Тяжело выдохнув, царевич устремил взгляд поверх постели, будто стараясь разглядеть что-то за окном в саду, промеж кустов шиповника, и чуть погодя промолвил:
— Ты приказал мне явиться, лишь чтобы имя брата с моим единовременно помянуть?
— Нет.
— А для чего?
— Я, помниться, говаривал: человеку неведомо, великий ли срок ему в мире отведен, а только мой уж на исходе. И чую: не воспользоваться мне Жар-птицей, ибо Господь не выделил на то времени. Иной пожнет ниву, которую я засеял. Но до этого она вдосталь напитается кровью. И я хочу, — голос царя стал сиплым, будто больному не хватало воздуха, — чтобы твоей крови там не было! Василия вразумлять бесполезно: ему шлея попала под хвост. Прибежал ко мне, язык набок свесив: вынь да положь ему Жар-птицу, чтобы его ребенка с того света воротить. Будто можно отдать то, чем не владеешь! А ты за ней не гонись! Не иди по следу тех мужей, которым более пристало, нежели тебе, родиться от государева семени, но которые в первую смуту в сыру землю ушли, не дождавшись, покуда голова у них побелеет. Держись сего наказа, поскольку вскоре наставить тебя будет некому…
— Значит, некому? — произнес царевич. — Вестимо! Едва моя мать услыхала мой первый крик, пришлось нанимать плакальщиц! Василий хоть годок погрелся у материнской груди, а я и того лишен! Ты все у меня отнял! — Теперь, когда отчаянно вспыхнувшая надежда безвозвратно угасла, Петр уже не считал себя обязанным сдерживаться. — А ныне решил заботливого батюшку разыграть! Ты хоть один талан потратил, чтобы те роды прошли гладко? Давно хотел у тебя о том спросить! Говори, старая паскуда! Говори!..

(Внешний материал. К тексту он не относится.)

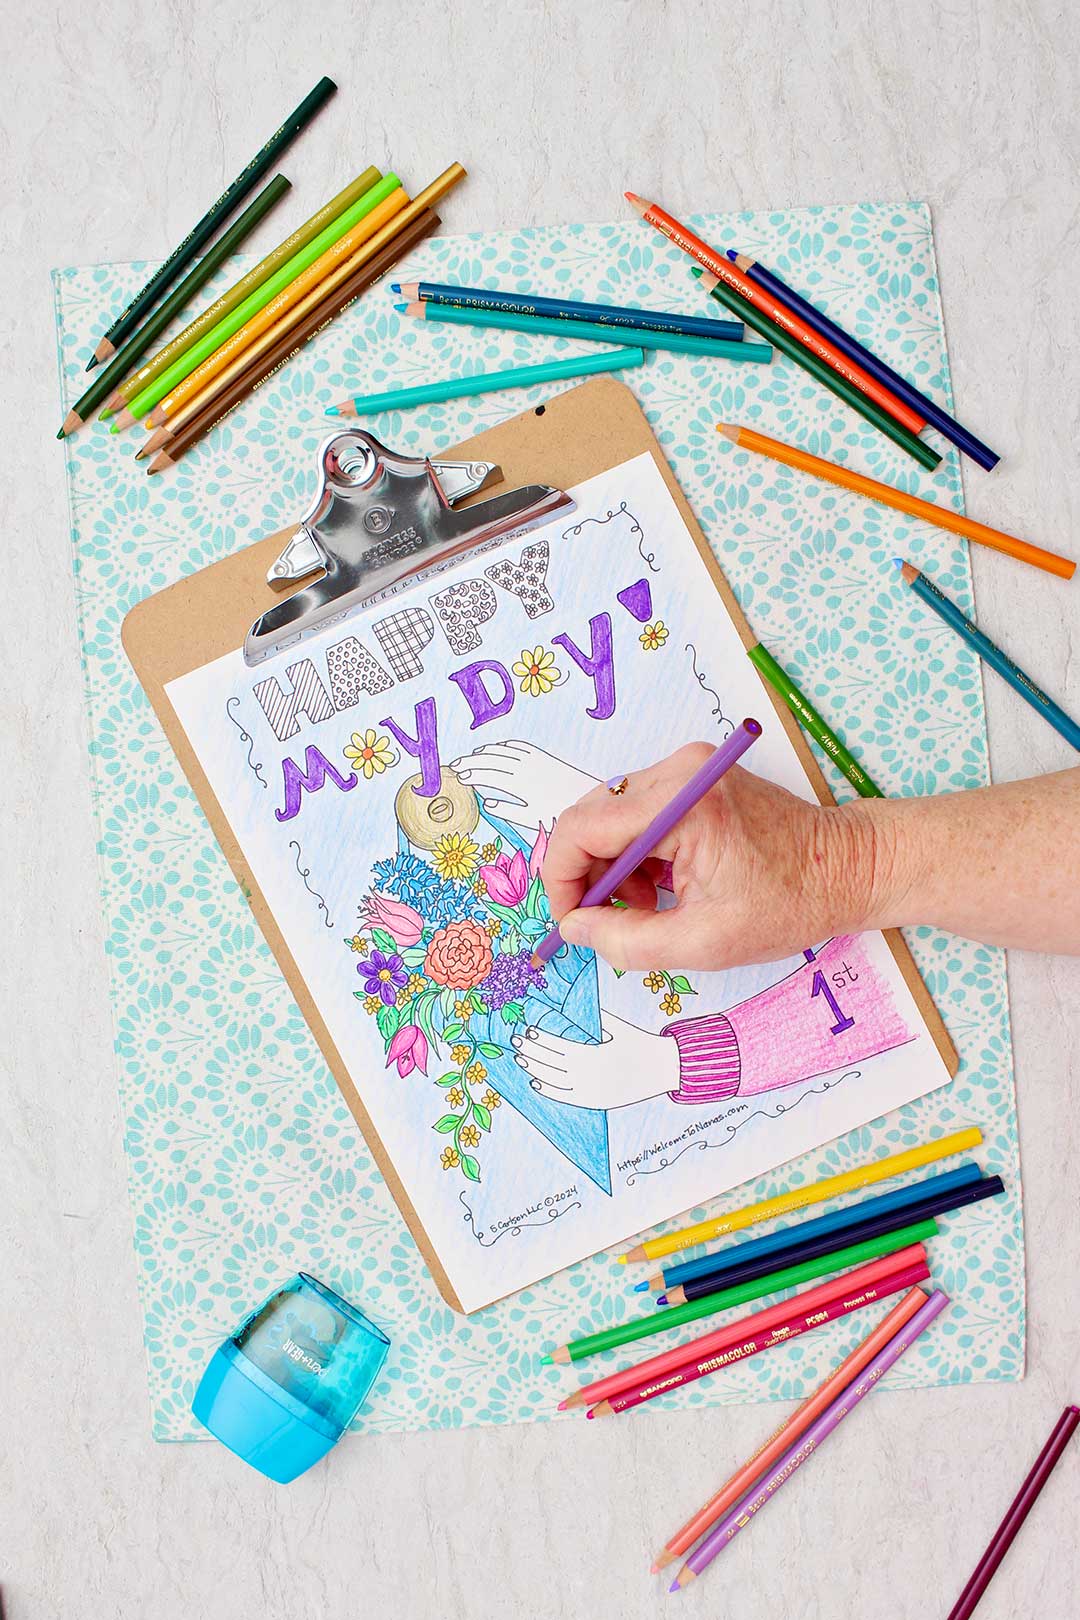 A May Day coloring page on a clip board being colored with coloring pencils

Исступленная речь Петра была прервана, но не звуком, как обыкновенно бывает, а страшной, неестественной тишиной; царевичу показалось, что он кричит в пустоту. Петр пристально посмотрел на отца. Еще не осмеливаясь поверить, он кончиком пальца коснулся навсегда остановившихся государевых век, затем нагнулся, боясь уловить остатки дыхания; со стороны это выглядело так, будто царевич отдает родителю прощальный поцелуй. Сомнения растаяли: Дормидонт не мог так притворяться, да и не имел в том нужды. Царевич выпрямился; он не спрашивал себя, не ускорил ли смерть отца своим поведением. Вообще перемена внешних обстоятельств, исключительно значимая для целого царства, занимала Петра лишь постольку, поскольку он испытывал новое и небывалое для него чувство. Это чувство было сильным желанием действовать здесь и сейчас и именно сегодня хоть что-то сделать в собственных интересах. Оно подчиняло себе, пьянило, подобно вину, но мысли не спутывались: напротив, голова работала чрезвычайно четко, и это также было непривычным и захватывающим. Петр вспомнил, что случайно слыхал о лавинах, когда еще макушкой не доставал до отцовского пояса. Воочию он никогда не сталкивался с этими многопудовыми массами снега, устремлявшимися на страх зазевавшимся козопасам со склонов гор. Но тем более величественными они ему представлялись, так же, как впечатлительный мужик, сроду не видавший царя, полагает в нем и не человека даже, а какое-то сверхъестественное существо. Теперь Петру чудилось, что подобная лавина подхватывает и увлекает его с собою, но не затем, чтобы погубить: она поднимает его на гребень, как воины начальника после победы, и признает хозяином, чтобы вместе с ним и для него раздавить любую преграду. Быстрым шагом царевич покинул горницу.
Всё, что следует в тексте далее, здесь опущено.